(To do) The data below should be transcribed in full, with no picture included.

── Data segment ──

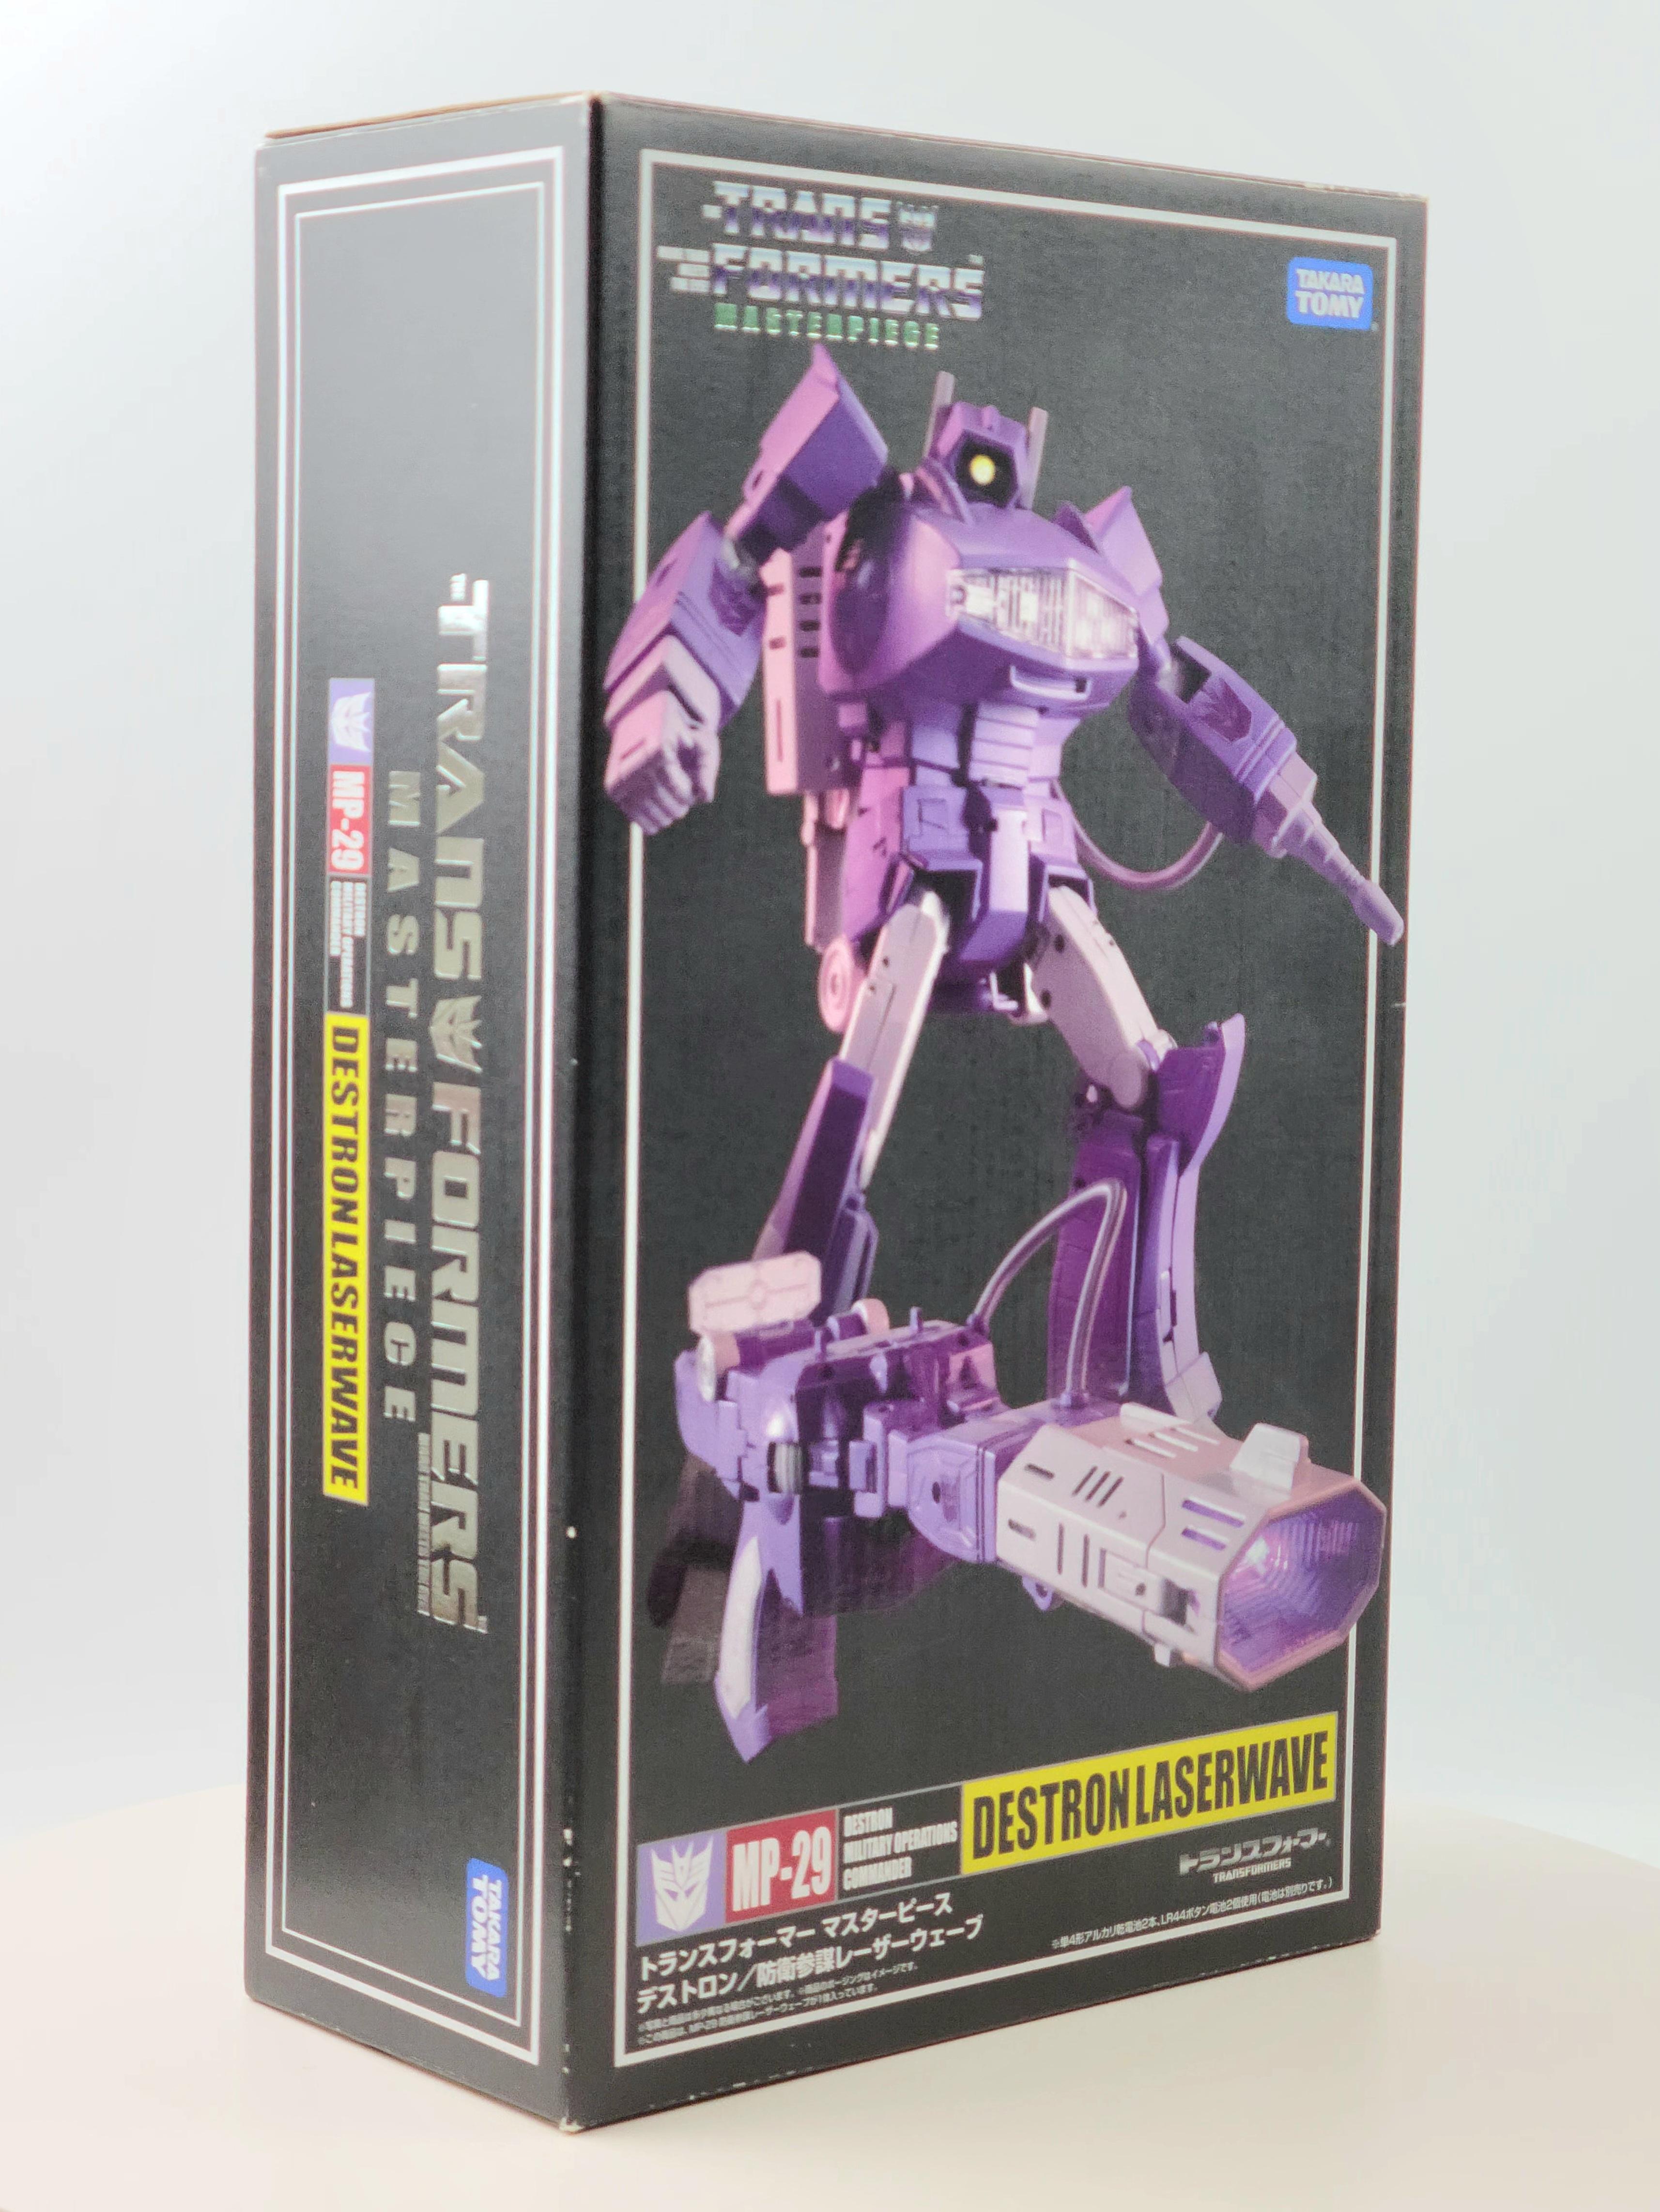 Transformers Masterpiece MP 29 Destron Laserwave BOX ONLY - NO FIGURES
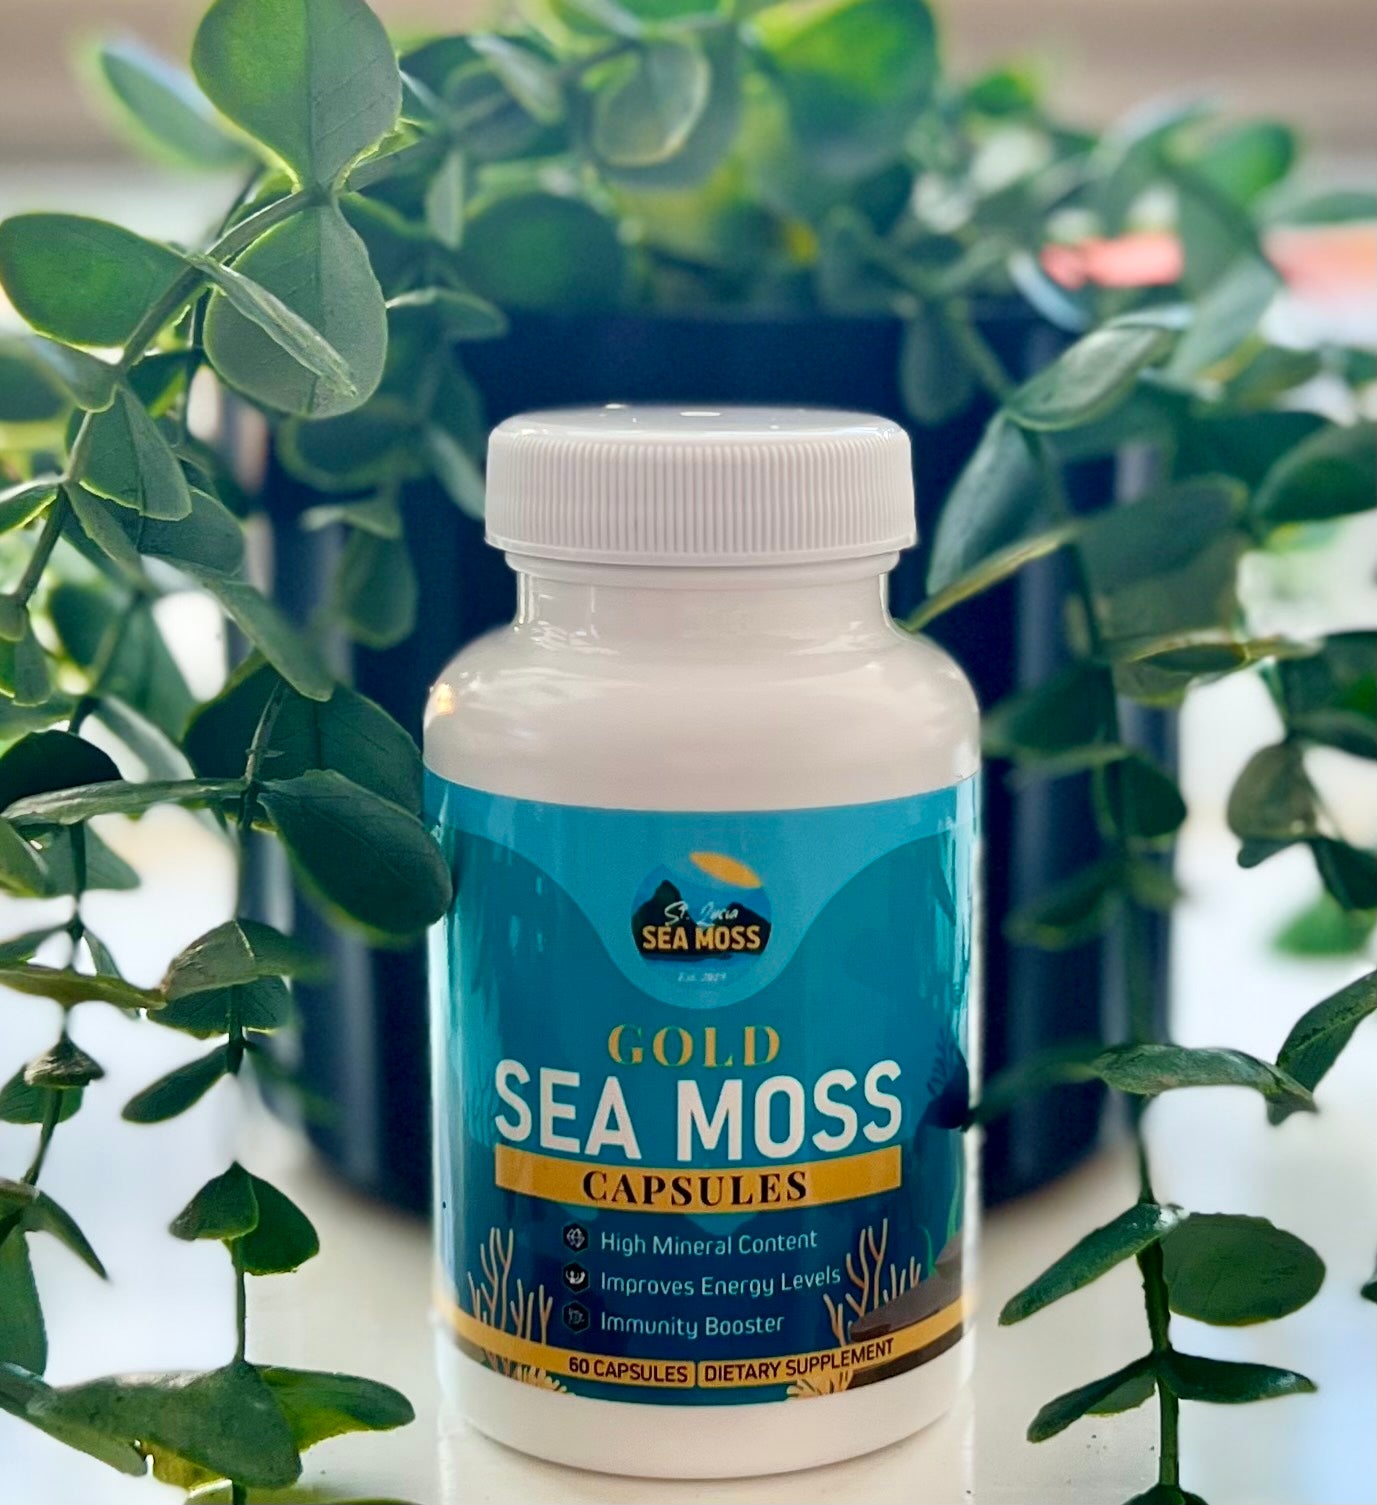 Gold St Lucia Sea Moss Capsules - St Lucia Sea Moss
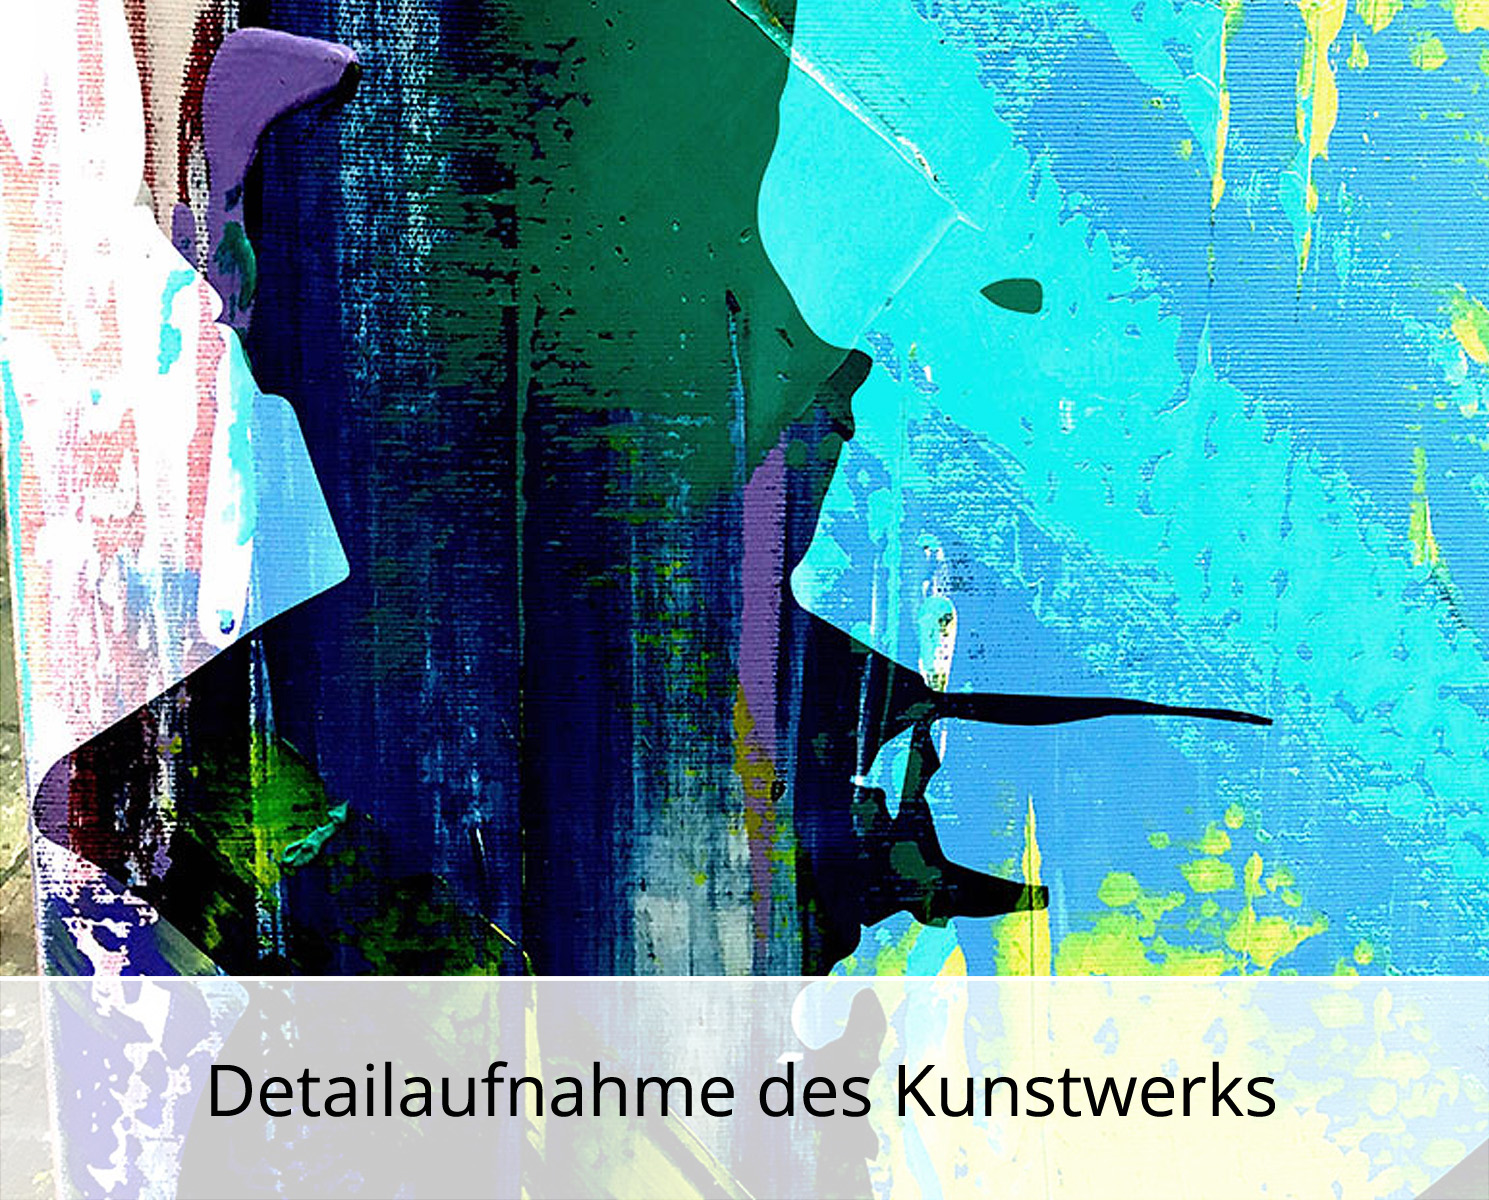 Kunstdruck, signiert: Paul, Holger Mühlbauer-Gardemin, Edition

───

(Exercise response)
 Transformers Masterpiece MP 29 Destron Laserwave BOX ONLY - NO FIGURES
 Gold St Lucia Sea Moss Capsules - St Lucia Sea Moss
 Kunstdruck, signiert: Paul, Holger Mühlbauer-Gardemin, Edition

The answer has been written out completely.